Documentation
¶
Overview ¶
Package llmrouter provides a unified interface for routing LLM requests across multiple AI providers. Write once against a single API and deploy across OpenAI, Anthropic Claude, Google Gemini, or any OpenAI-compatible service — DeepSeek, Groq, Together AI, Ollama, Sarvam, and more.
Installation ¶
go get github.com/bluefunda/llmrouter
Quick start ¶
import (
llmrouter "github.com/bluefunda/llmrouter"
"github.com/bluefunda/llmrouter/middleware"
"github.com/bluefunda/llmrouter/providers/anthropic"
"github.com/bluefunda/llmrouter/providers/openai"
)
router := llmrouter.New(
llmrouter.WithProvider("openai", openai.NewFromEnv("openai", "OPENAI_API_KEY")),
llmrouter.WithProvider("anthropic", anthropic.NewFromEnv()),
llmrouter.WithMiddleware(
middleware.Retry(3, time.Second),
middleware.Timeout(60*time.Second),
),
)
resp, err := router.Complete(ctx, &llmrouter.Request{
Model: "gpt-4o-mini",
Messages: []llmrouter.Message{{Role: llmrouter.RoleUser, Content: "Hello!"}},
})
Providers ¶
Three native provider packages are included:
- github.com/bluefunda/llmrouter/providers/openai — OpenAI (gpt-4o, gpt-4o-mini, o1, ...)
- github.com/bluefunda/llmrouter/providers/anthropic — Anthropic Claude (claude-sonnet-4, claude-haiku-4, ...)
- github.com/bluefunda/llmrouter/providers/gemini — Google Gemini (gemini-2.0-flash, gemini-2.5-pro, ...)
The openai package also covers any OpenAI-compatible API via built-in presets:
openai.NewFromEnv("deepseek", "DEEPSEEK_API_KEY") // DeepSeek
openai.NewFromEnv("groq", "GROQ_API_KEY") // Groq
openai.NewFromEnv("together", "TOGETHER_API_KEY") // Together AI
openai.NewFromEnv("ollama", "") // Ollama (local)
openai.NewFromEnv("sarvam", "SARVAM_API_KEY") // Sarvam
Streaming ¶
Use Router.Stream to receive tokens as they arrive:
stream, err := router.Stream(ctx, &llmrouter.Request{
Model: "claude-sonnet-4-20250514",
Messages: []llmrouter.Message{{Role: llmrouter.RoleUser, Content: "Write a haiku."}},
})
if err != nil {
log.Fatal(err)
}
defer stream.Close()
for stream.Next() {
event := stream.Event()
switch event.Type {
case llmrouter.EventContentDelta:
fmt.Print(event.Content)
case llmrouter.EventDone:
fmt.Println()
}
}
if err := stream.Err(); err != nil {
log.Fatal(err)
}
Fallback routing ¶
Register multiple providers and declare a fallback order.

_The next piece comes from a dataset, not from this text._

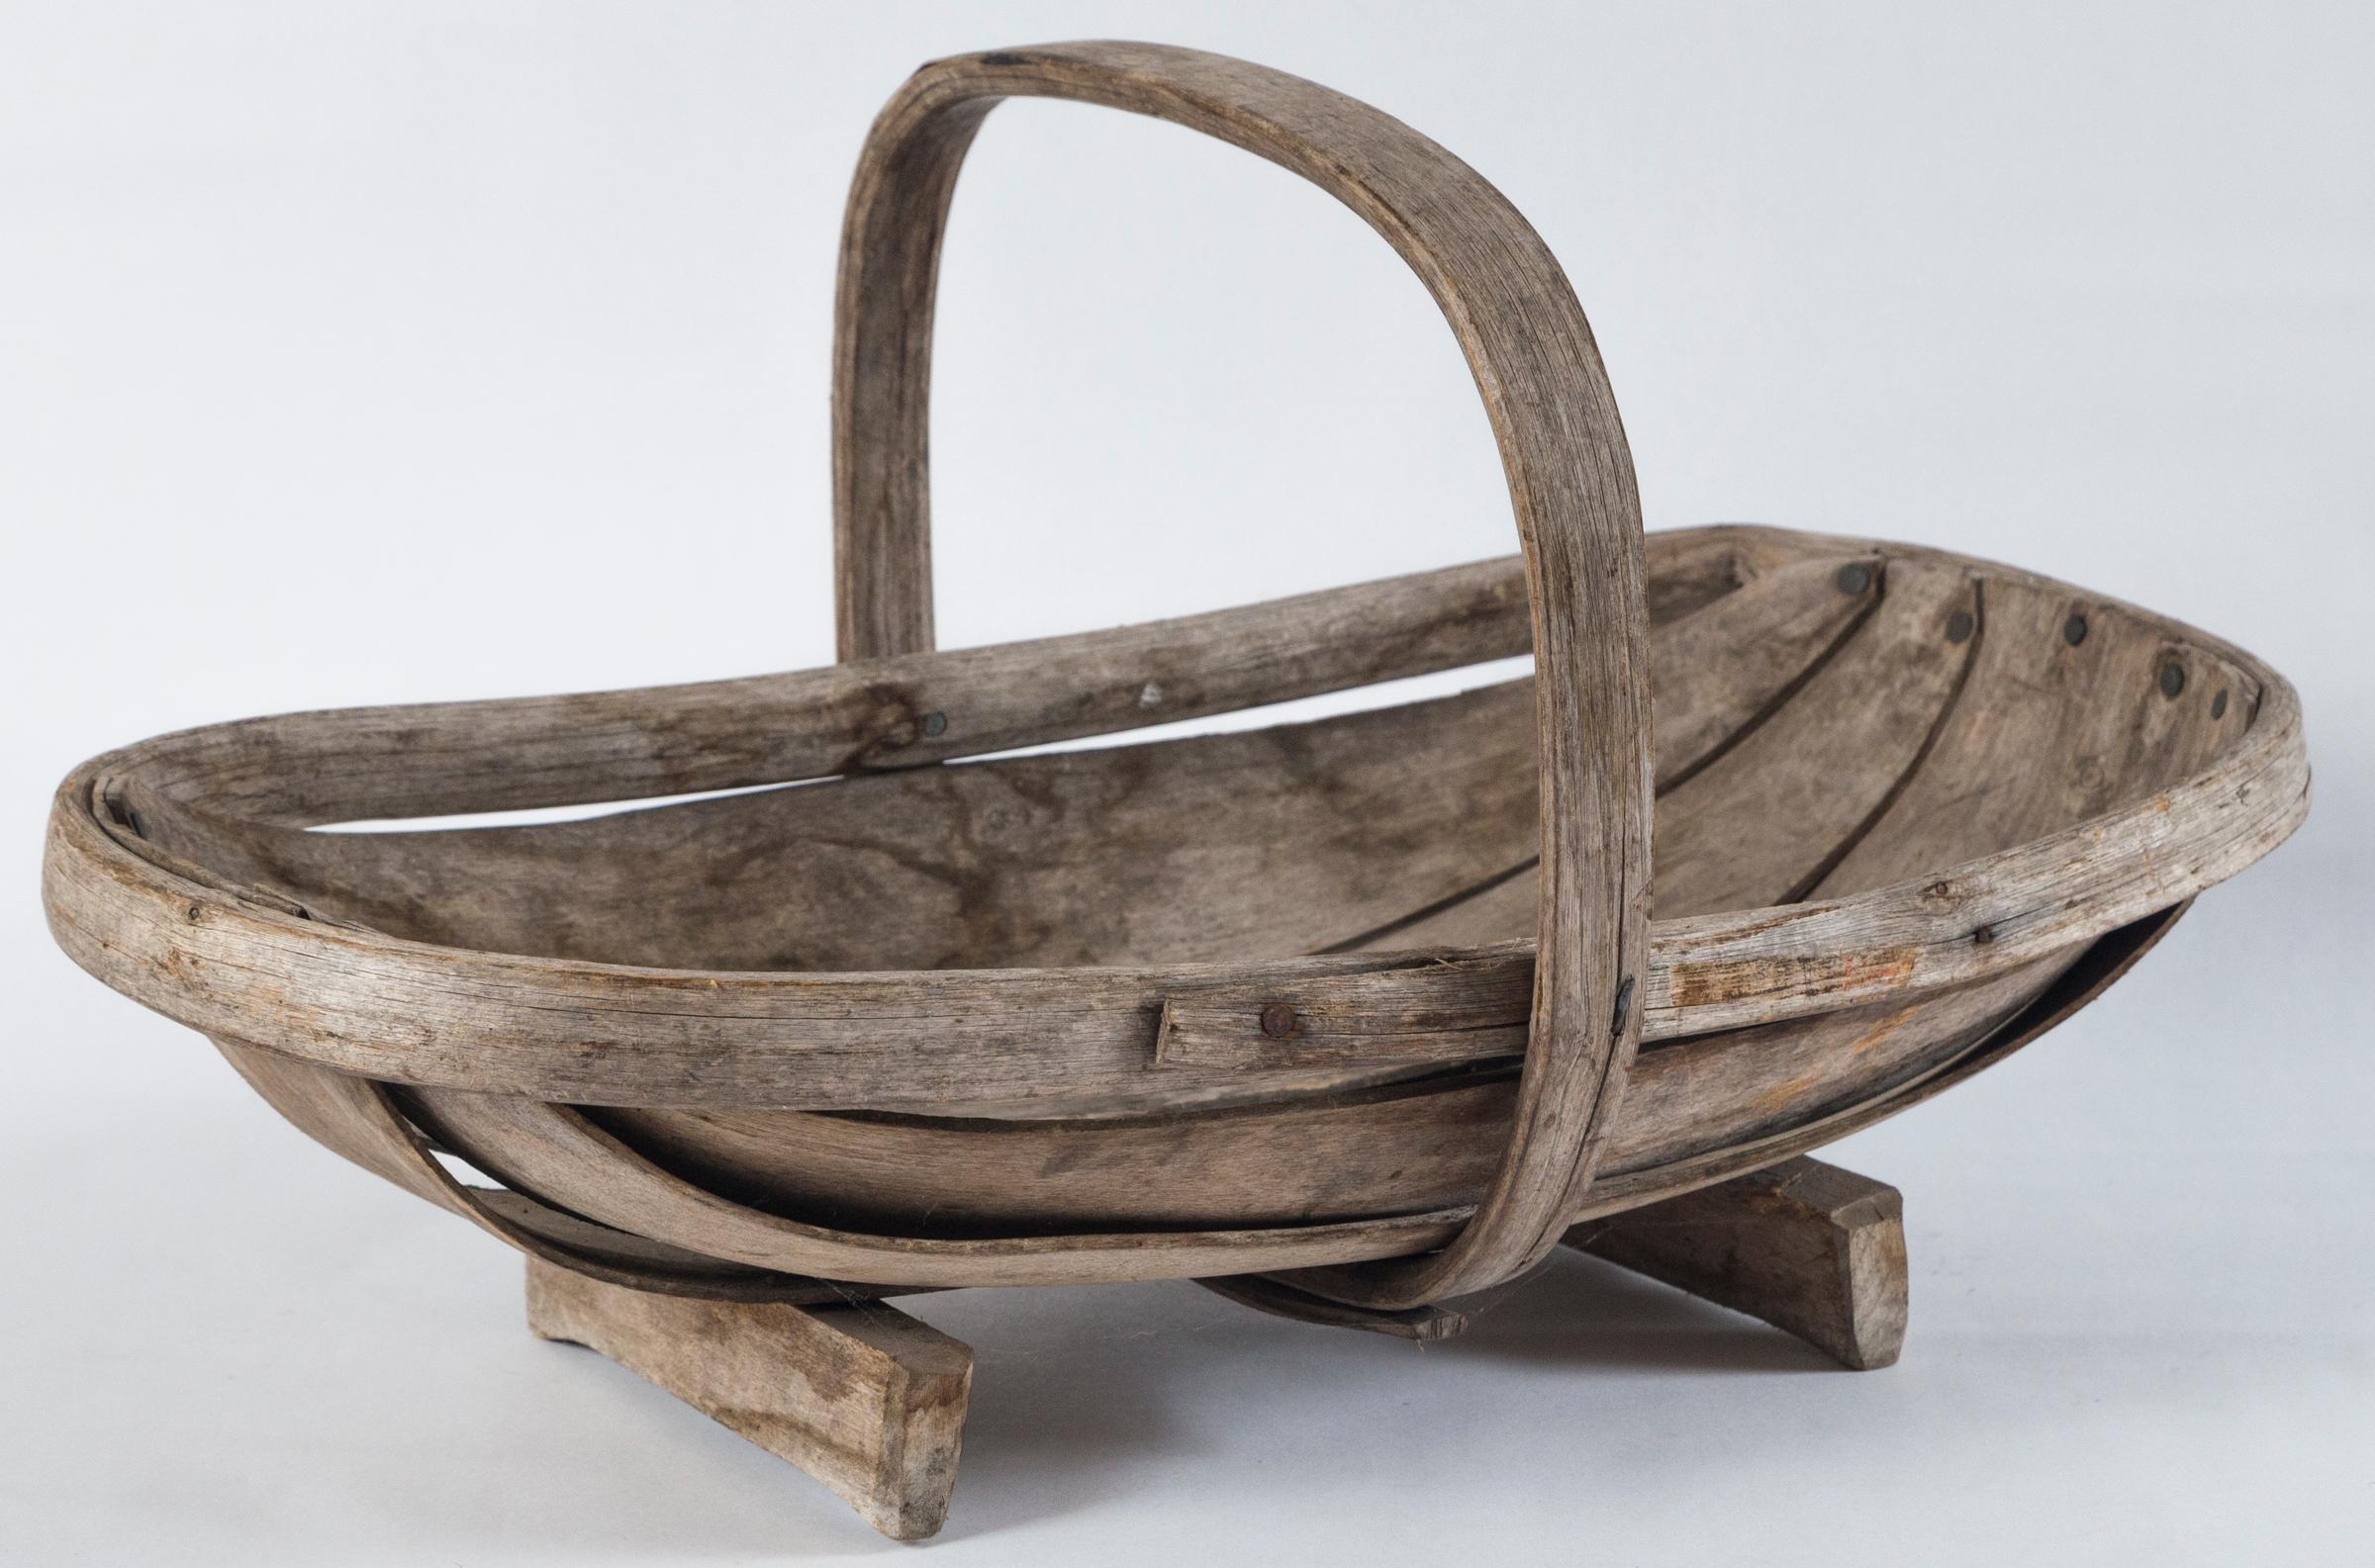 Vintage garden Trug basket, England, circa 1950. Stamped on bottom. Manufactured by The Truggery, Coopers Croft 4, Herstmonseux. The Truggery started manufacturing the Classic Sussex Trug baskets in 1899. Lovely aged patina.

On primary failure the router tries each fallback in sequence, returning the first success:
router := llmrouter.New(
llmrouter.WithProvider("openai", openai.NewFromEnv("openai", "OPENAI_API_KEY")),
llmrouter.WithProvider("anthropic", anthropic.NewFromEnv()),
llmrouter.WithModelMapping("gpt-4o", "openai"),
llmrouter.WithFallback("anthropic"), // tried if openai fails
)
Prompt caching ¶
Mark static blocks for provider-level caching. Anthropic uses explicit cache_control annotations; OpenAI and Gemini cache automatically. Observe savings via [Usage.CachedPromptTokens] and [Usage.CacheCreationTokens]:
req := &llmrouter.Request{
Model: "claude-sonnet-4-20250514",
Messages: []llmrouter.Message{
{
Role: llmrouter.RoleSystem,
Content: longSystemPrompt, // paid once, reused on every call
CacheControl: &llmrouter.CacheControl{Type: "ephemeral"},
},
{Role: llmrouter.RoleUser, Content: userQuery},
},
}
resp, _ := router.Complete(ctx, req)
fmt.Printf("cached=%d creation=%d\n",
resp.Usage.CachedPromptTokens, resp.Usage.CacheCreationTokens)
Tool calling ¶
Pass tool definitions in the request; the model returns tool calls which your code executes and returns as RoleTool messages:
req := &llmrouter.Request{
Model: "gpt-4o-mini",
Messages: []llmrouter.Message{
{Role: llmrouter.RoleUser, Content: "What's the weather in Tokyo?"},
},
Tools: []llmrouter.Tool{weatherTool},
}
resp, _ := router.Complete(ctx, req)
if resp.Choices[0].FinishReason == "tool_calls" {
tc := resp.Choices[0].Message.ToolCalls[0]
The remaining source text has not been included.